For many school districts, ending a contract with an edtech vendor should be as simple as shutting down access and moving on. But as districts across the United States are discovering, breaking up with an edtech provider is far more complicated—and far riskier—than anyone expected. The challenge isn’t just losing a tool; it’s ensuring that sensitive student data is permanently deleted, verified, and protected long after the relationship ends.
When Florida administrator Kerri Wall attempted to offboard an edtech platform after a five-year contract, she didn’t anticipate months of unanswered emails and uncertainty. As the district’s designated student data privacy officer, she is legally responsible for confirming that the vendor deleted student names, grades, contact details, and guardian information. Yet by October, her repeated requests were met with silence. The danger? Without proper deletion, her district could face liability, compliance failures, and public safety concerns relating to exposed student data.
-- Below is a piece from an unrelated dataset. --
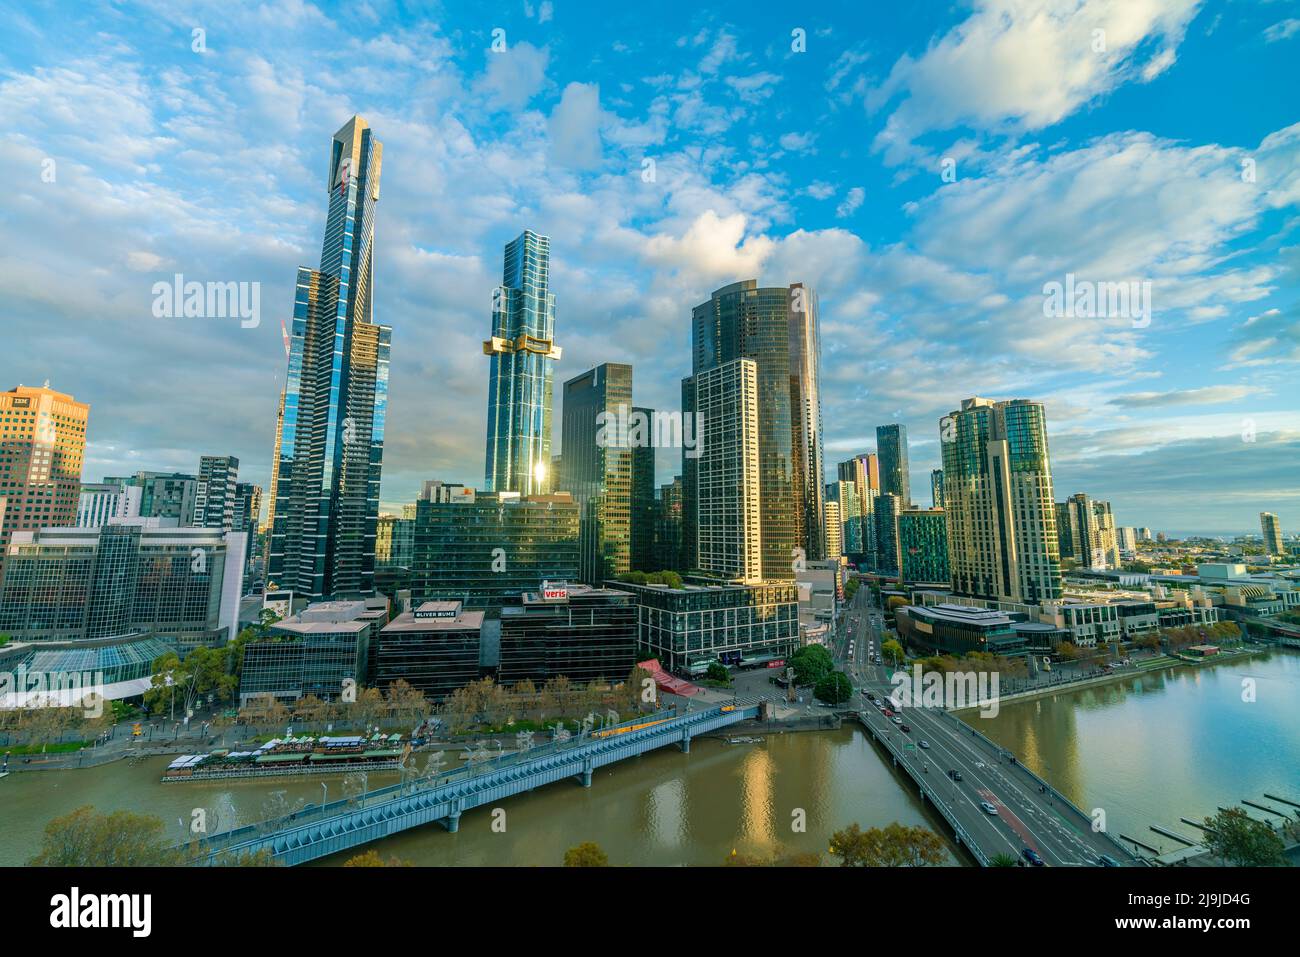 Melbourne, Australia - May 2, 2022: View of Melbourne CBD at sunset Stock Photo

Her story is striking—but far from isolated.
Districts nationwide are reevaluating their edtech stacks amid budget tightening and growing privacy concerns. And as they do, they’re discovering a troubling reality: it’s often easier to sign a contract with an edtech vendor than to end one. Many vendors stop responding once a district ends a contract, leaving administrators in a dangerous limbo.
This emerging trend—known informally among tech leaders as “vendor ghosting”—is becoming a widespread challenge. Even districts with formal offboarding workflows report delays, incomplete data purges, and legal uncertainty. In Oregon, Beaverton School District’s CIO Steven Langford found that retiring a single tool takes an average of 72 days, far exceeding their contractual standard. Sometimes, he said, the biggest hurdle is simply finding the right person who actually controls the data.
But even when vendors respond, another, deeper issue emerges: How do you prove that deleted data is truly gone? Legal experts call this “proving a negative,” and the truth is unsettling. Many vendors admit they cannot certify that all backups, replications, or internal systems have fully erased student records. Others confuse “obfuscation” with deletion—masking data but not removing it.
This gap becomes even more hazardous when companies merge, collapse, or change ownership. Some districts discover years later that old student data is still stored on servers belonging to companies they no longer recognize.
Across multiple states, administrators report cases where sensitive student data from long-retired platforms was leaked or breached. One district suffered a breach involving a tool they hadn’t used in seven years—a stark reminder that data longevity is often out of the district’s control.
Experts say the solution starts with stronger contracts, clearer deletion clauses, and proactive planning. Every district should demand formal certificates of data destruction, something many vendors have never been asked to provide. They also emphasize reviewing privacy terms for even “free” tools—an often overlooked gateway for long-term data exposure.
But technology leaders warn that policy alone isn’t enough. Districts must remain vigilant, maintain clear communication channels, track tool usage, and monitor data retention standards as part of their ongoing responsibilities. Above all, they must approach vendor relationships with a mindset of trust but verify.
Conclusion: The rapid expansion of edtech has revolutionized learning, but it has also created a complex web of data risks that school districts are only beginning to untangle. As privacy regulations evolve and enforcement strengthens, the real test for edtech companies won’t be how much data they can collect—but whether they can responsibly delete it. For districts, breaking up with edtech may always be hard, but with stronger oversight and smarter contracts, it doesn’t have to be dangerous.